Выбрать главу

— Что теперь Ивану-то Романычу скажем? Он ведь не похвалит, нет.

А Любаша и сама знала, что не похвалит. За что ему теперь Любашу хвалить? Не за что.

Она села на скамейку, вздохнула, но бабушка сказала:

— Вздыхать нечего, берись за дело. Аханьем да воздыханием беды не исправить.

И Любаша принялась за дело, да только теперь у неё всё валилось из рук. Стала доставать из корзины соль — чуть не опрокинула банку. Стала вынимать спички из коробка — спички рассыпала.

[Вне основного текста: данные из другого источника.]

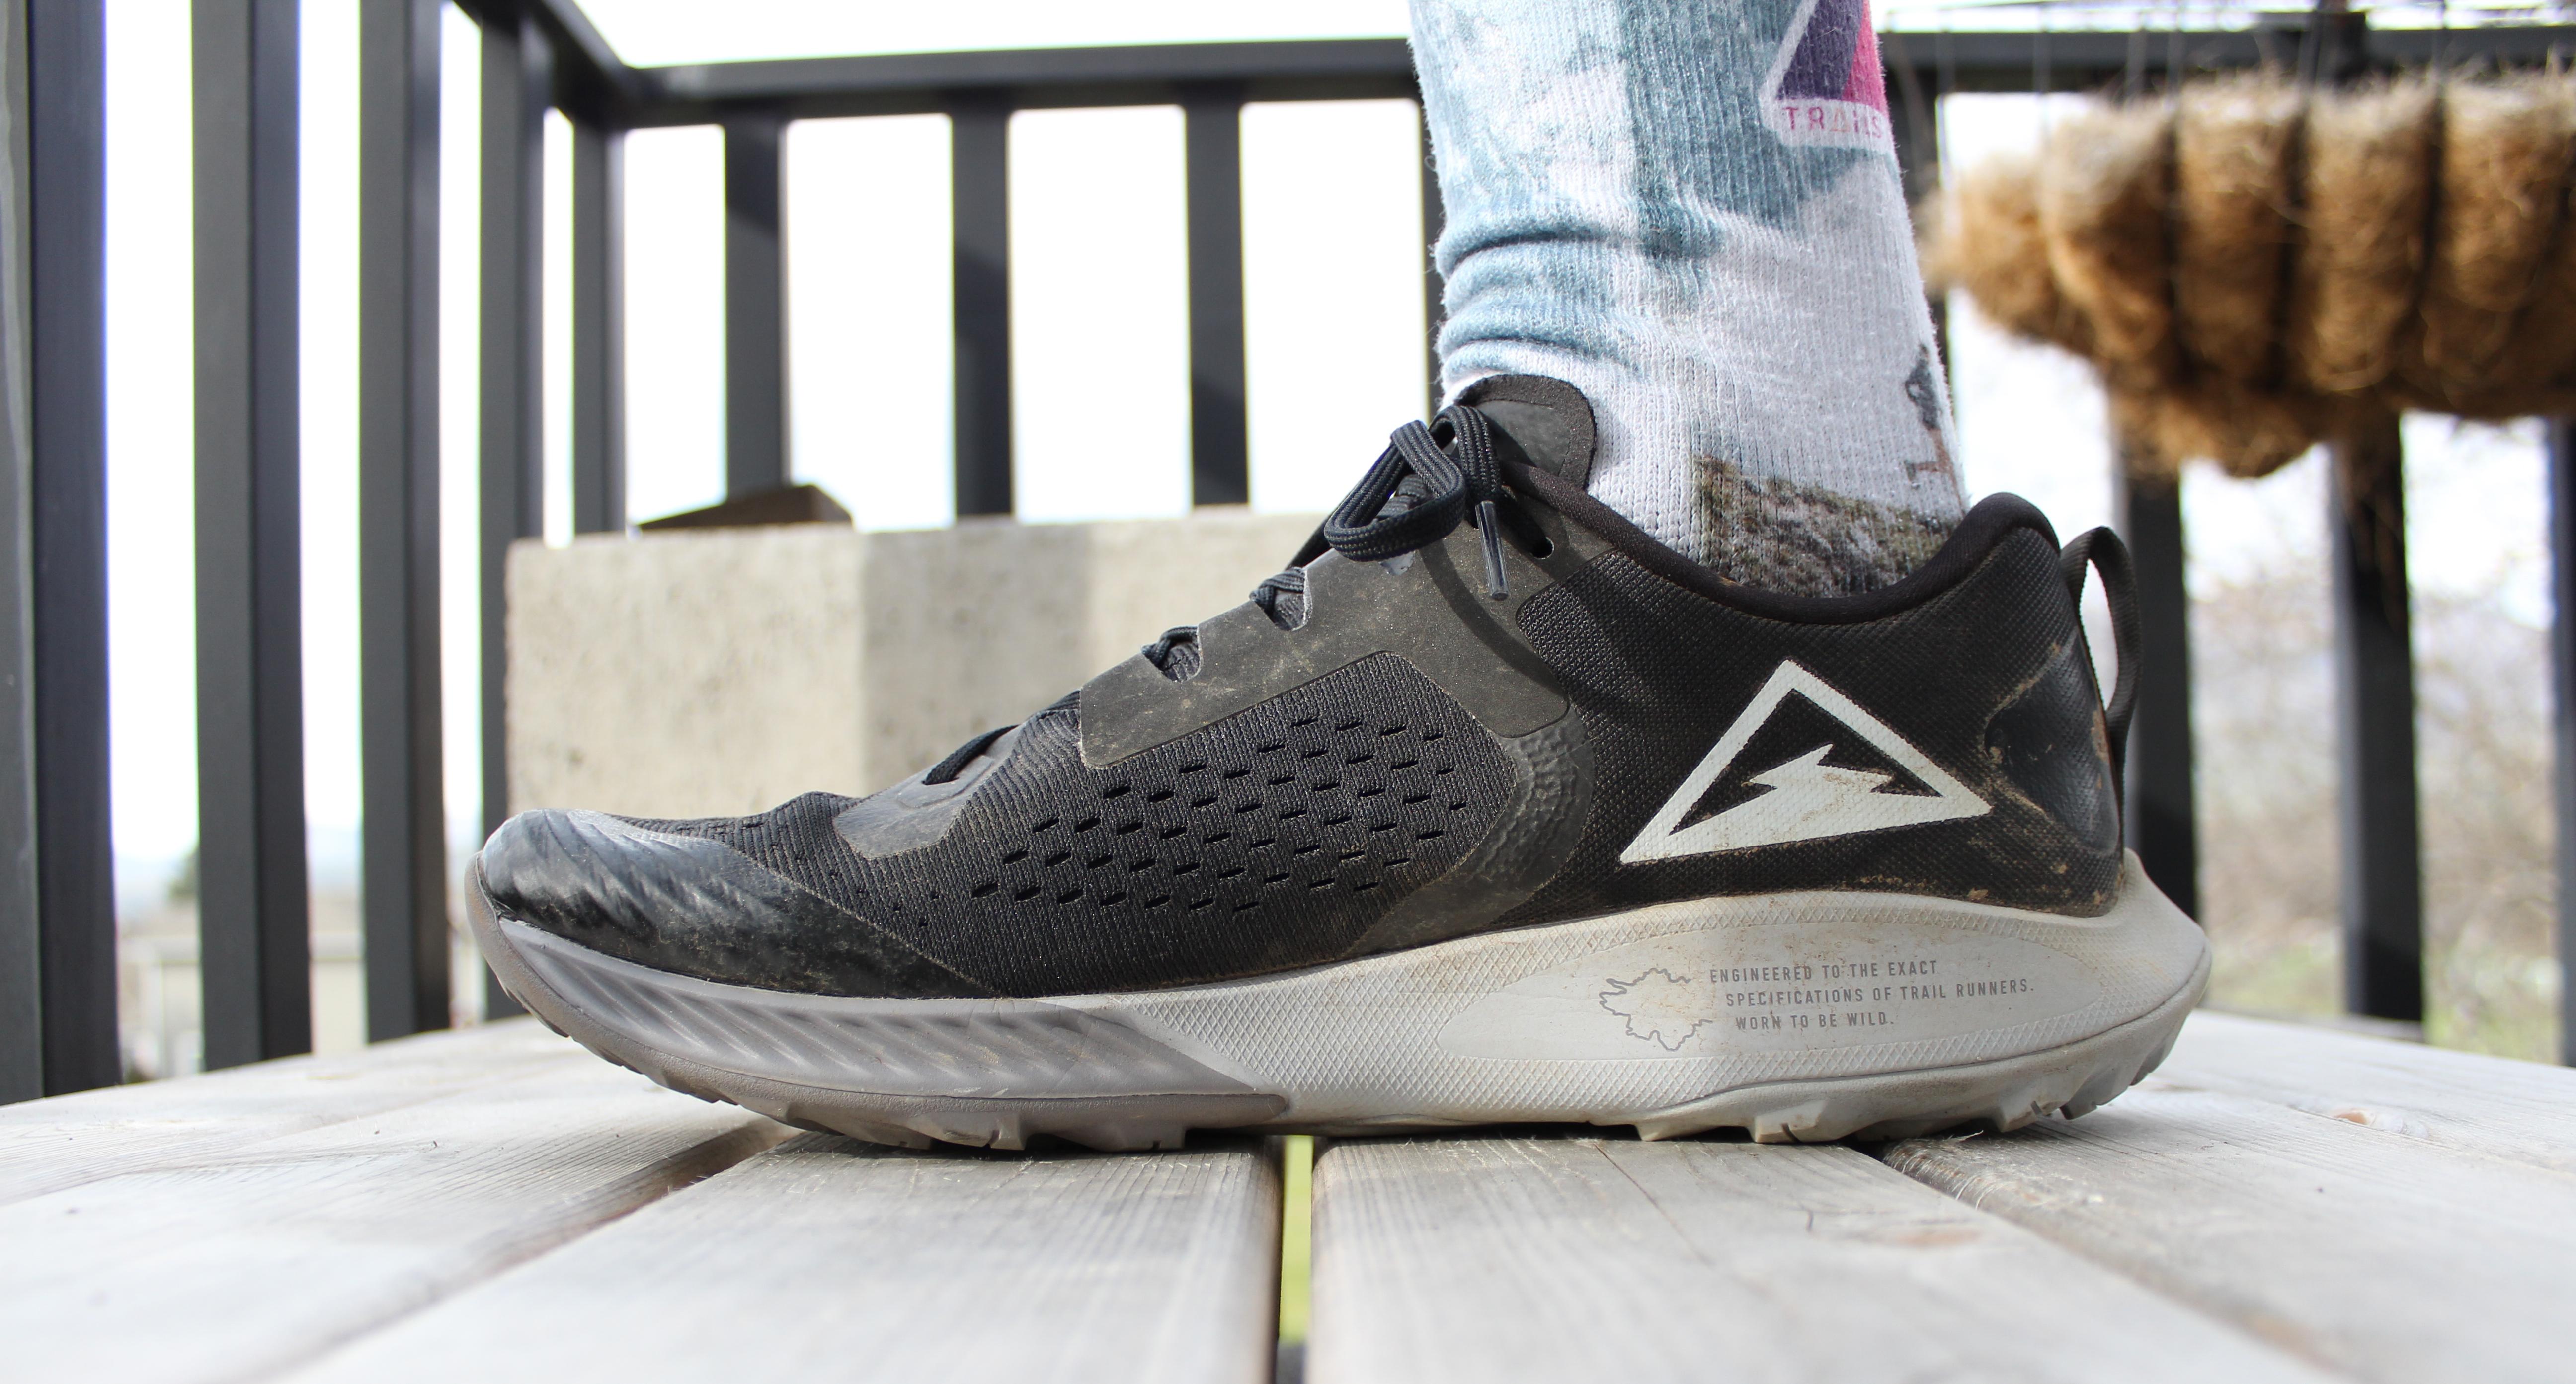 Nike Air Zoom Terra Kiger 5 Trail Shoe Review | Trails & Tarmac

— Сама управлюсь. Ладно… — махнула бабушка и сама растопила печку, сама поставила картошку на огонь, сама принялась резать на сковородку розовое, крепкое сало.

А Любаша прислушивалась к гулу комбайнов, думала об одном: «Вот придут сейчас комбайнеры, придёт Иван Романыч, про всё узнает и сразу скажет: „Ну, ясно-понятно! Никакая ты не Любовь Николаевна, а как была чижиком, так чижиком и осталась. У тебя только и умения, что государственные вёдра топить!“ Он прямо так скажет — государственные! — как сказал шофёру Петеньке про буханки».

И наверняка так же вот потом нахмурится и замолчит, и куда ей, Любаше, тогда деваться? Хоть пешком уходи обратно в село…

Но в селе, наверное, всем известно, что Любаша уехала с бабушкой кормить комбайнеров. И конечно, кто-нибудь да там и спросит: «Ну как? Накормила? Съездила?» И это будет уже совсем великая-превеликая стыдобушка.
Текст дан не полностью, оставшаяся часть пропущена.